Элинор сидела за своим письменным столом с пером в руке. Как странно, думала она, касаясь кончиком пера изъеденной чернилами щетинки на спине Мартинова моржа, как странно, что это пережило столько лет. Возможно, этот косный предмет переживет их всех. Если она его выбросит, он все равно продолжит где-то существовать. Но за все это время она не выбросила его, потому что он — часть целого, он связан с чем-то или с кем-то еще — с ее матерью, например… Она приложила листок промокательной бумаги. На ней проступило лучистое пятно. Затем она подняла глаза. Во дворе жгли траву, оттуда вился дым, источавший сильный и едкий запах; там падали листья. На улице играла шарманка. «Sur le pont d’Avignon»[20], — тихо пропела Элинор в такт мелодии. Как там дальше? — эту песню Пиппи пела, протирая нам уши куском противной мокрой фланели.

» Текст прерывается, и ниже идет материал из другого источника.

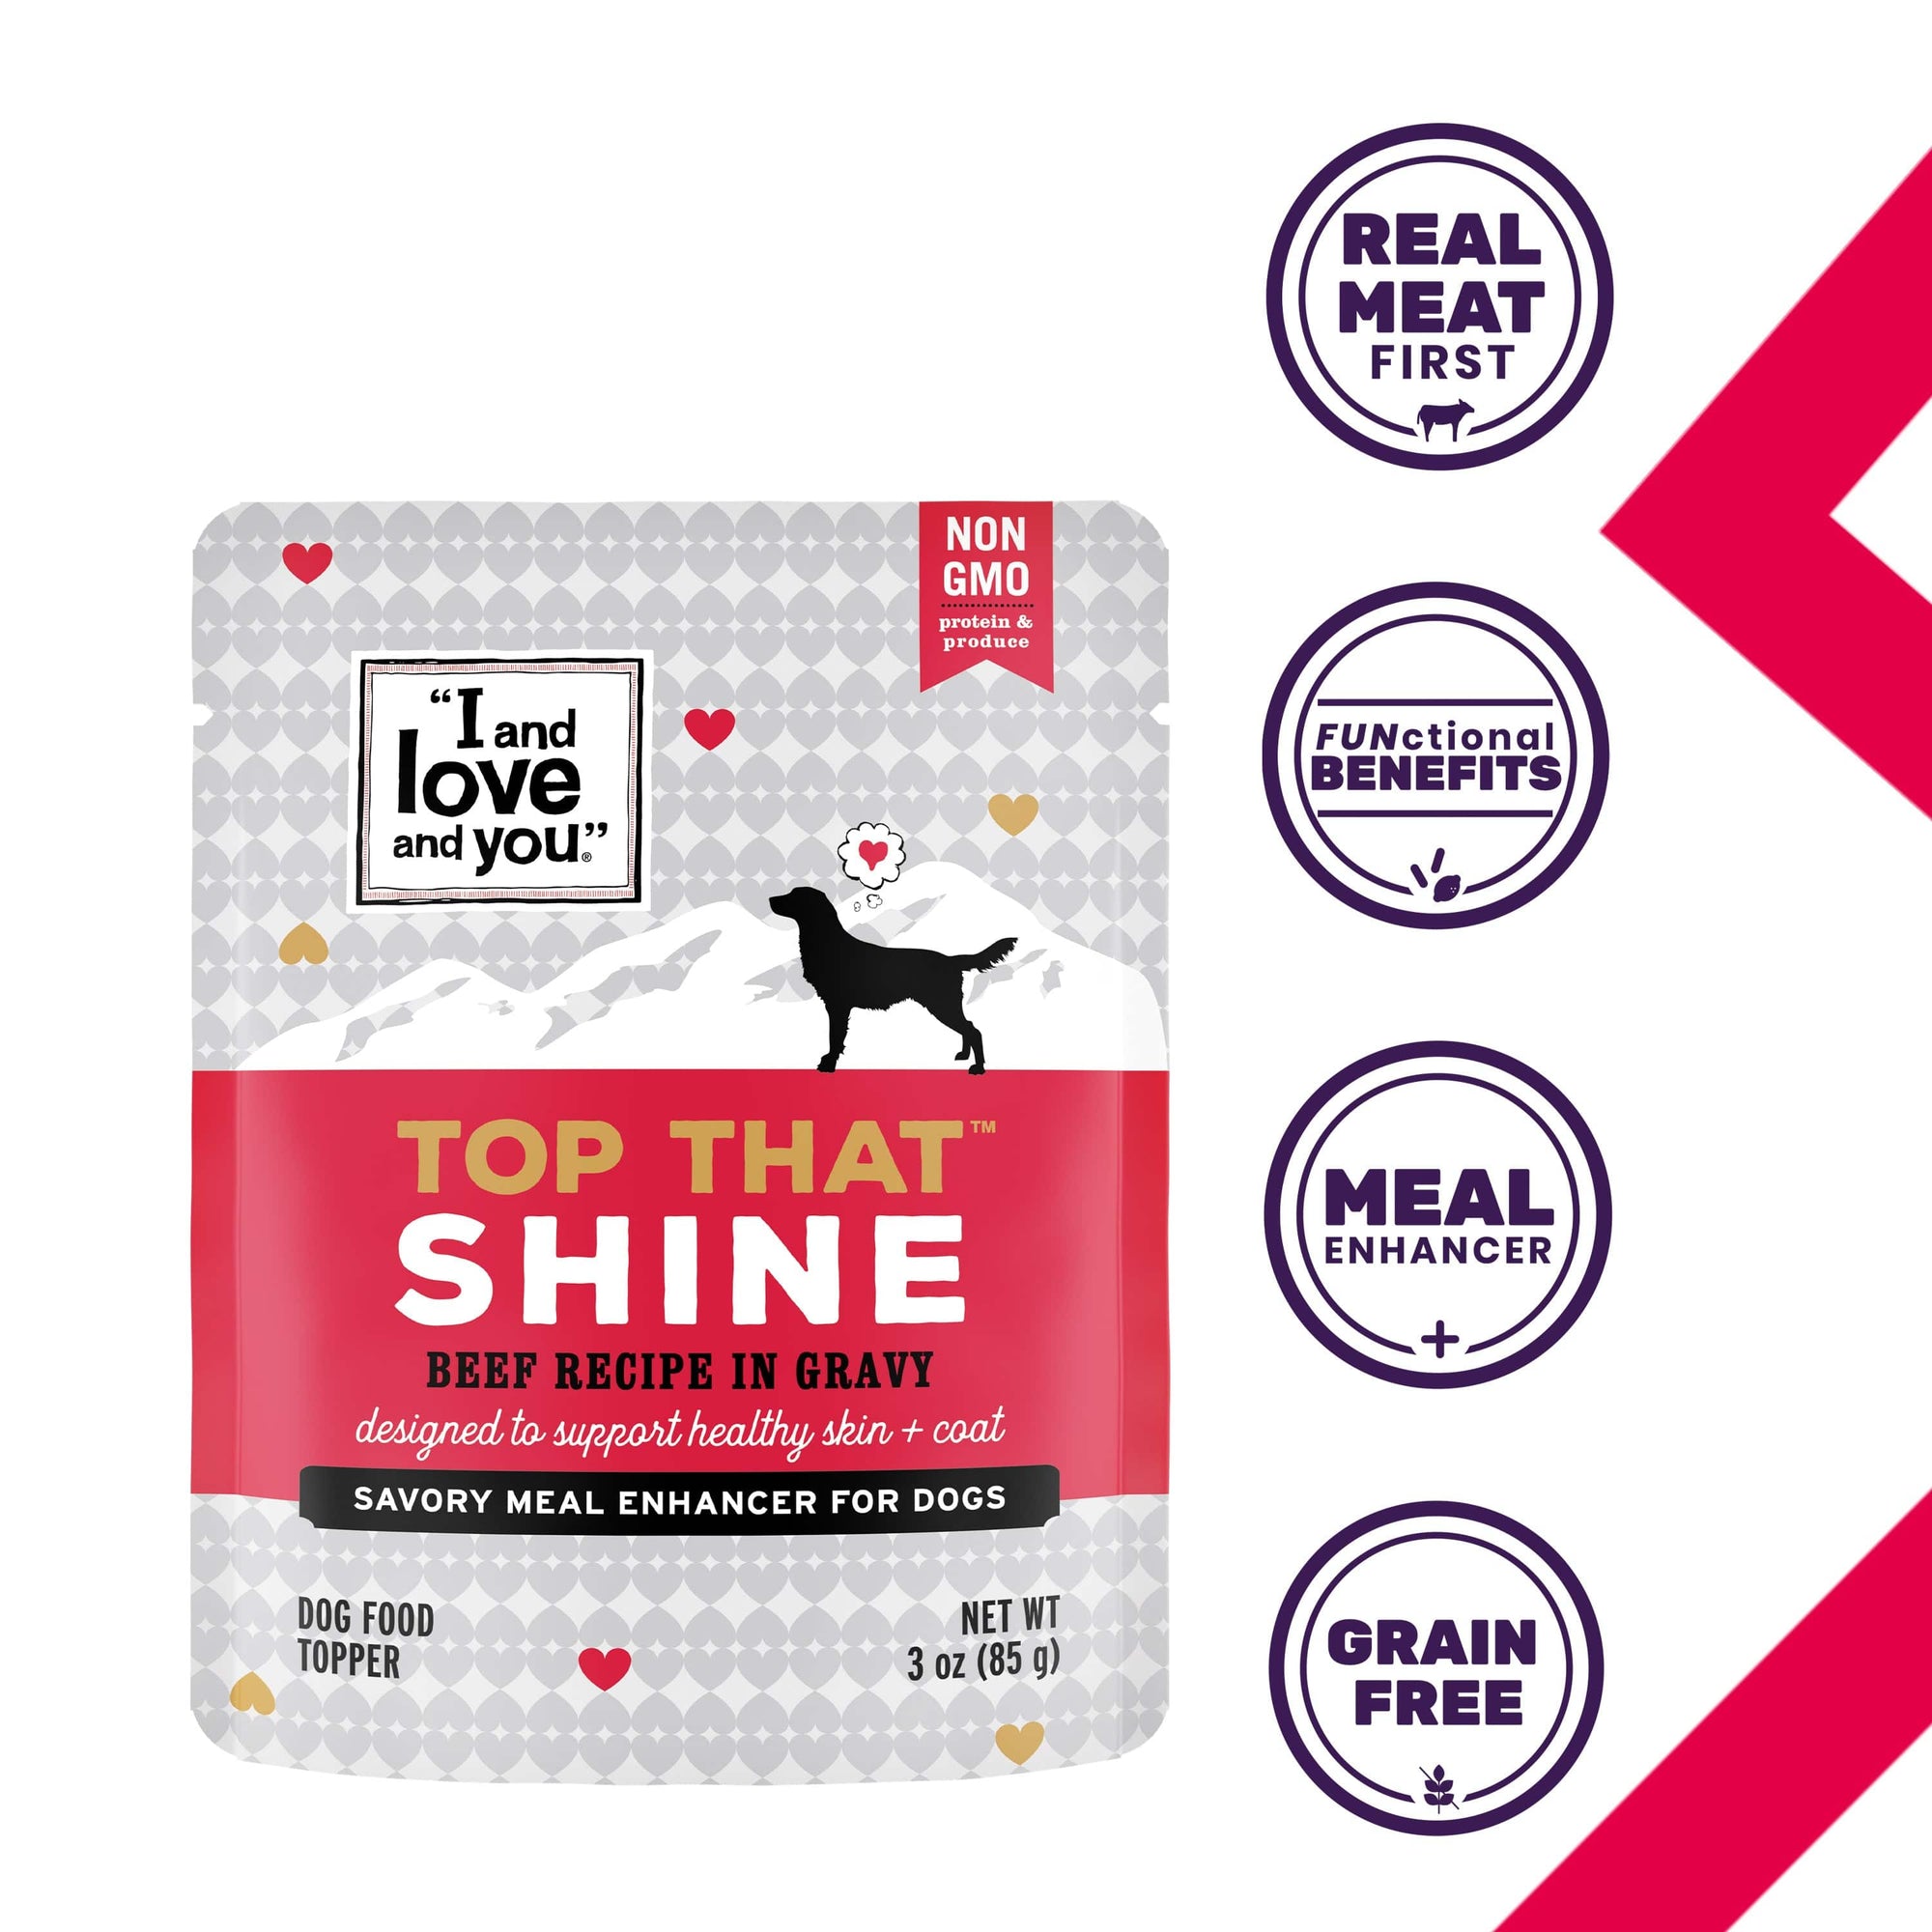 Silhouette of a dog with a package of dog food and a logo of a cow and text.

— «Ron, ron, ron, et plon, plon, plon», — продолжила Элинор. Но тут музыка умолкла. Шарманку унесли дальше. Элинор обмакнула перо в чернила. — Трижды восемь… — прошептала Элинор. — Двадцать четыре, — уверенно добавила она, вывела число внизу страницы, собрала небольшие красные и синие тетрадки и понесла их в кабинет отца.

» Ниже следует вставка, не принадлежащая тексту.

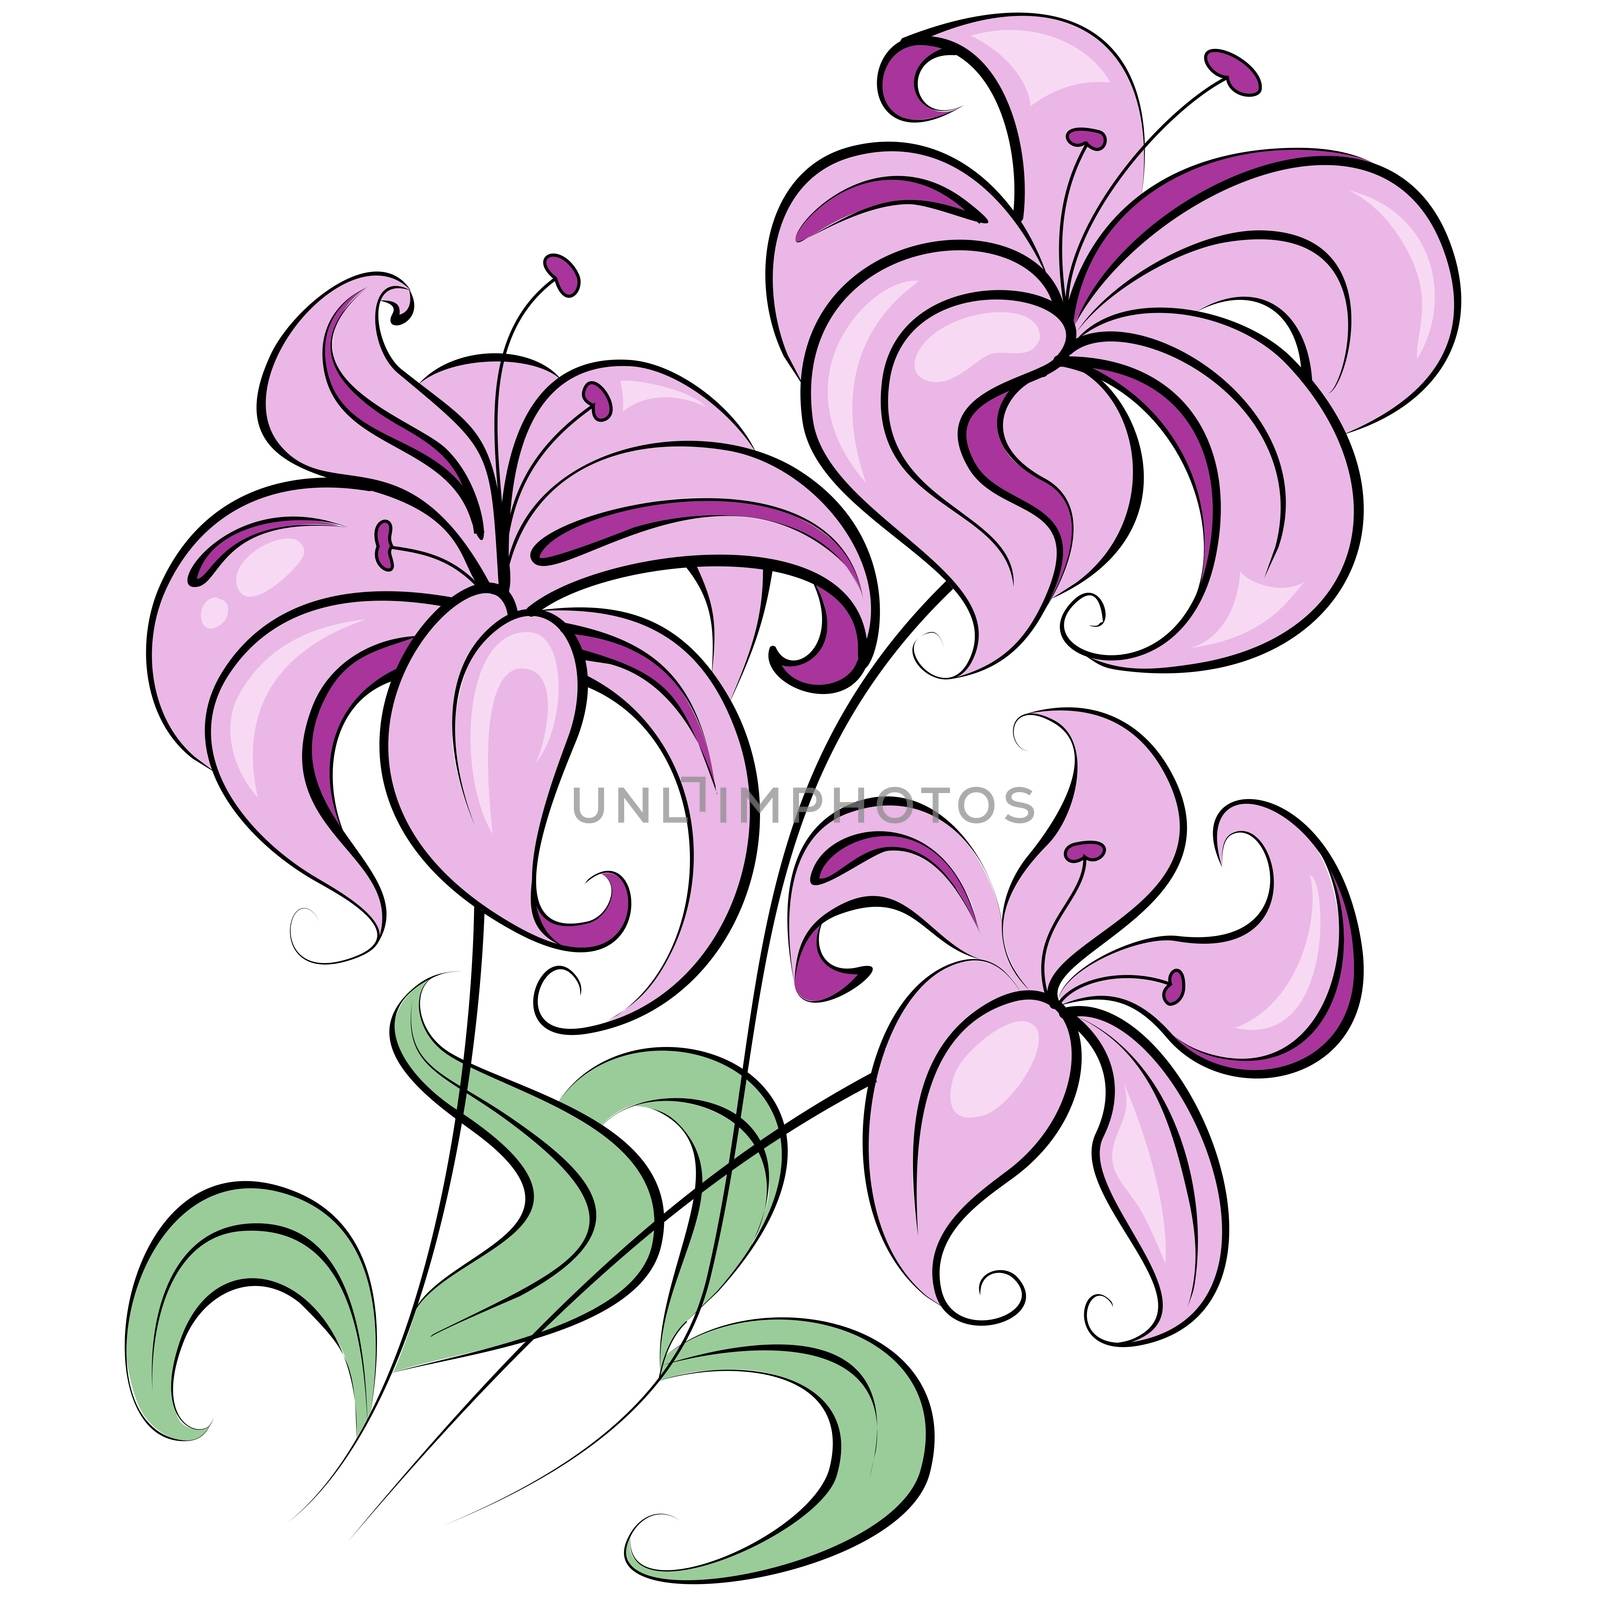 Illustration - stylized bouquet of flowers similar to lily by Madhourse

— А вот и хозяйка! — добродушно встретил ее он, сидя в своем кожаном кресле с розоватой финансовой газетой. — Вот и хозяйка, — повторил отец, глядя поверх очков.
Он все медленнее соображает, подумала Элинор. А она спешила. Но они очень хорошо ладили друг с другом, почти как брат и сестра. Он отложил газету и перешел к письменному столу.
«Побыстрее бы, папа, — подумала она, когда он, не торопясь, отпирал ящик, в котором держал чековую книжку, — не то я опоздаю».
— Молоко сильно подорожало, — сказал он, похлопывая по обложке с золоченой коровой.
— Да, в октябре сезон яиц, — отозвалась она.
Пока отец крайне медленно выписывал чек, Элинор оглядела комнату. Она походила на деловую контору: газеты, ящики с бумагами — только над камином висят конские удила, да на полке стоит серебряный кубок, награда за победу в поло. Интересно, подумала она, он все утро сидит тут, читая финансовые газеты и обдумывая свои вклады? Отец перестал писать.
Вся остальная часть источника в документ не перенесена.